O PSD nunca disse, de resto, que regiões defende depois de Cavaco Silva em 1994 se ter declarado contra todas (depois de ter incluído a sua instituição no Programa Eleitoral com que venceu as eleições, de o PSD as ter votado na Assembleia Constituinte, e de a Lei Quadro das Regiões (lei nº 56/91) ter sido votada por unanimidade.
Se não defende estas, compromete-se a apresentar um projecto de lei com outras, no caso da vitória do não? A resposta é negativa. E fosse esta qual fosse, a coerência a esperar seria a mesma que se encontrou em quem disse que só seria líder do PSD se Cristo descesse à Terra...

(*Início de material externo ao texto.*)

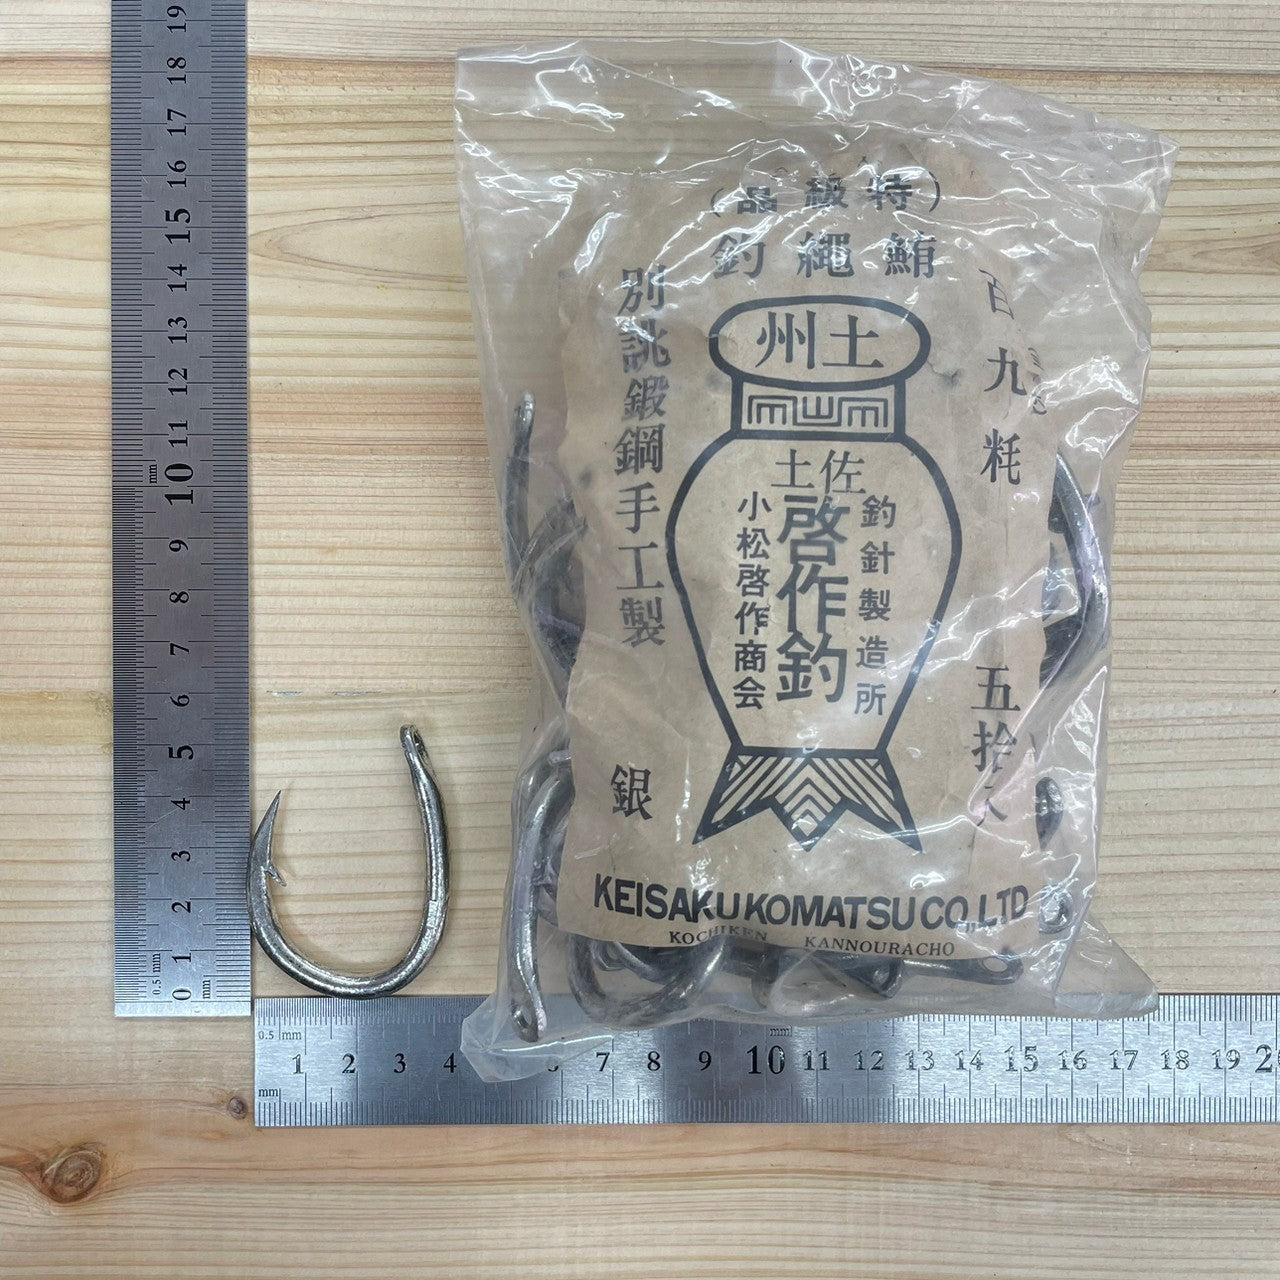 ■ (Free shipping) Tuna rope needle 50 swordfish needles

Coesão, capitais, novas candidaturas a hegemonias

Por detrás da afirmação de um Portugal coeso há muitas frustrações.
Resultam de um quadro em que ninguém está em boas condições: nem os que viram desertificar-se regiões, nem os que enfrentam um quotidiano violento, como acontece nas áreas metropolitanas.
A regionalização e o debate em torno dela terão que ser conduzidos com cuidados, até porque a direita instrumentaliza todas as situações em que se verifique a falta deles.
Um aspecto fundamental será a candidatura a novas hegemonias num país que há muito é essencialmente bipolar. Impõe-se assegurar que o projecto para as novas regiões se apresente essencialmente como polinucleado, em geral sem capitais e sem contemporizar com sonhos de novas hegemonias no seio de futuras autarquias regionais. Daqui decorre que o projecto deverá, em geral, ser de localização diversificada de serviços, equipamentos e infra-estruturas.
A verdade é que a grande maioria das capitais de distrito já foi esvaziada de quase todo o seu papel. Basta pensar nos 20 casos de desconcentração agrupando distritos, nos 13 casos de desconcentração de acordo com a área das cinco comissões de coordenação regional e nos 26 casos de desconcentração segundo outras áreas, todas diferentes do modelo assente nos dezoito distritos.
No entanto, apesar deste facto, as aspirações - e frustrações - continuam; mais do que estratégias de momento, importa ter em conta a vantagem que resultaria de uma rede de cidades equilibrada e racionalizada. Seria desse modo que se poderia contribuir verdadeiramente para mais justiça, harmonia e coesão.


A posição do PCP

O PCP votou contra este tipo de referendo na revisão constitucional. Absteve-se na aprovação da resolução que o propõe ao Presidente da República. Teve em conta que, para além da sua posição de fundo, é esta a única via, como se disse, de instituir as regiões na presente situação.
Este objectivo está inserido, desde há duas décadas, em programas eleitorais do Partido. Consta de sucessivos projectos de lei e do seu Programa. Importa fazer tudo para o viabilizar, na base da unidade e coesão de todas as organizações e militantes.
Impõe-se, por outro lado, conjugar a intervenção autónoma do Partido com a intervenção unitária em diferentes movimentos.
Não se trata de uns concorrerem com outros, mas sim de procurar que todos convirjam no mesmo objectivo comum de assegurar a democratização e racionalização da administração regional do Estado.